## Fall 2016** **

Coffee will be served at 3:30PM in room 326 for each Wednesday colloquium. TAs are responsible for set-up according to the schedule.

Information about past colloquia is available here.

For searchable listing of past colloquia use our search tool.

Colloquium is organized by Professor Xiaojing Wang.

## Marcos Prates; Universidade Federal de Minas Gerais

### Where does geography live? A projection approach for spatial confounding

#### August 17, 2016

Spatial confounding between the spatial random effects and fixed effects covariates has been recently discovered and showed that it may bring misleading interpretation to the model results. Solutions to alleviate this problem are based on decomposing the spatial random effect and fitting a restricted spatial regression. In this paper, we propose a different approach: a transformation of the geographic space to ensure that the unobserved spatial random effect added to the regression is orthogonal to the fixed effects covariates. Our approach, named SPOCK, has the additional benefit of providing a fast and simple computational method to estimate the parameters. Furthermore, it does not constrain the distribution class assumed for the spatial error term. A simulation study and a real data analysis are presented to better understand the advantages of the new method in comparison with the existing ones.
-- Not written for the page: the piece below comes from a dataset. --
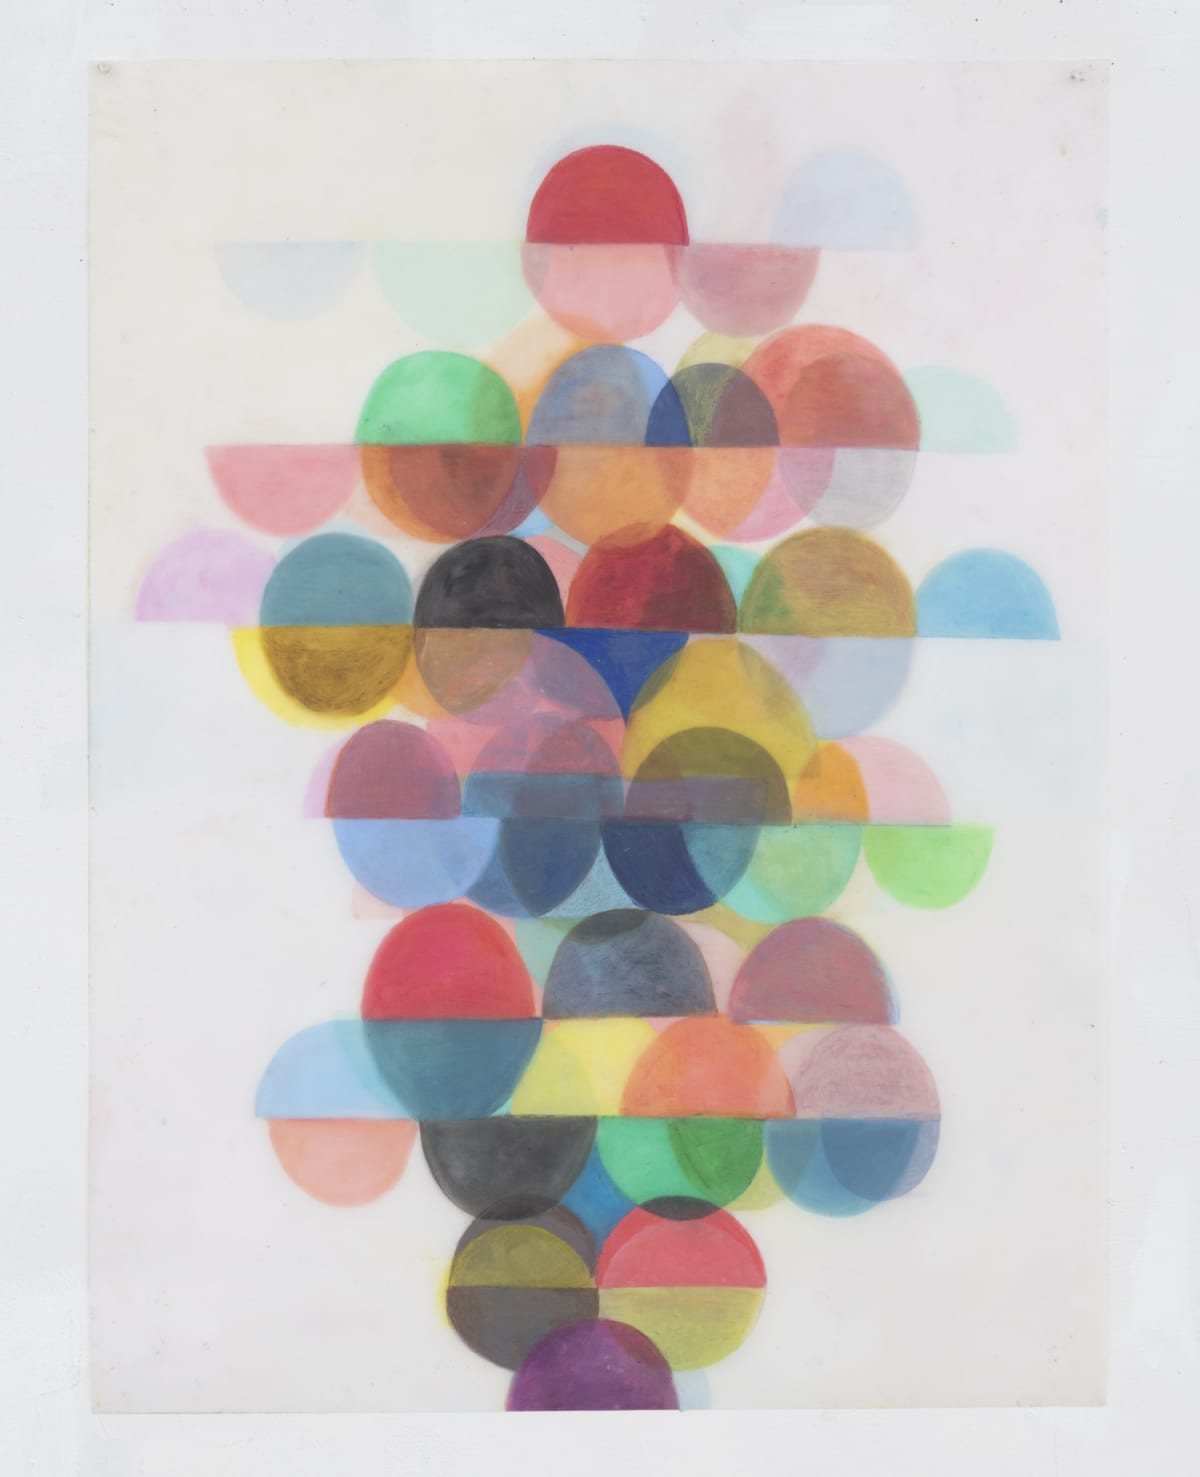 Vicki Sher, Untitled 3, 2019

Joint work with Renato Martins Assunção and Erica Castilho Rodrigues.

## Taeryon Choi; Korea University

### Bayesian shape restricted regression models using Gaussian processes priors

#### September 6, 2016

In this talk, we propose a Bayesian method for shape-restricted regression using a spectral analysis of Gaussian process priors for the regression function. The proposed model directly enforces shape-restrictions on the derivatives of the regression function. The smoothing prior distribution for the spectral coefficients incorporates hyper-parameters that control the smoothness of the function and the tradeoff between the data and the prior distribution. We contrast our approach with existing Bayesian shape-restricted regression models for dealing with regression functions with monotonicity and concavity. We also propose models for U-shaped and S-shaped functions that facilitate the estimation of the extrema and inflection points. We modify the basic model with a slab and spike prior that improves model when the true function is on the boundary of the constraint space. The posterior distributions of the proposed models are consistent. We also examine Bayesian hypothesis testing for shape restrictions and discuss its potentials and limitations. Further, we illustrate the empirical performance of the proposed models with synthetic and real data and compare them with existing Bayesian methods.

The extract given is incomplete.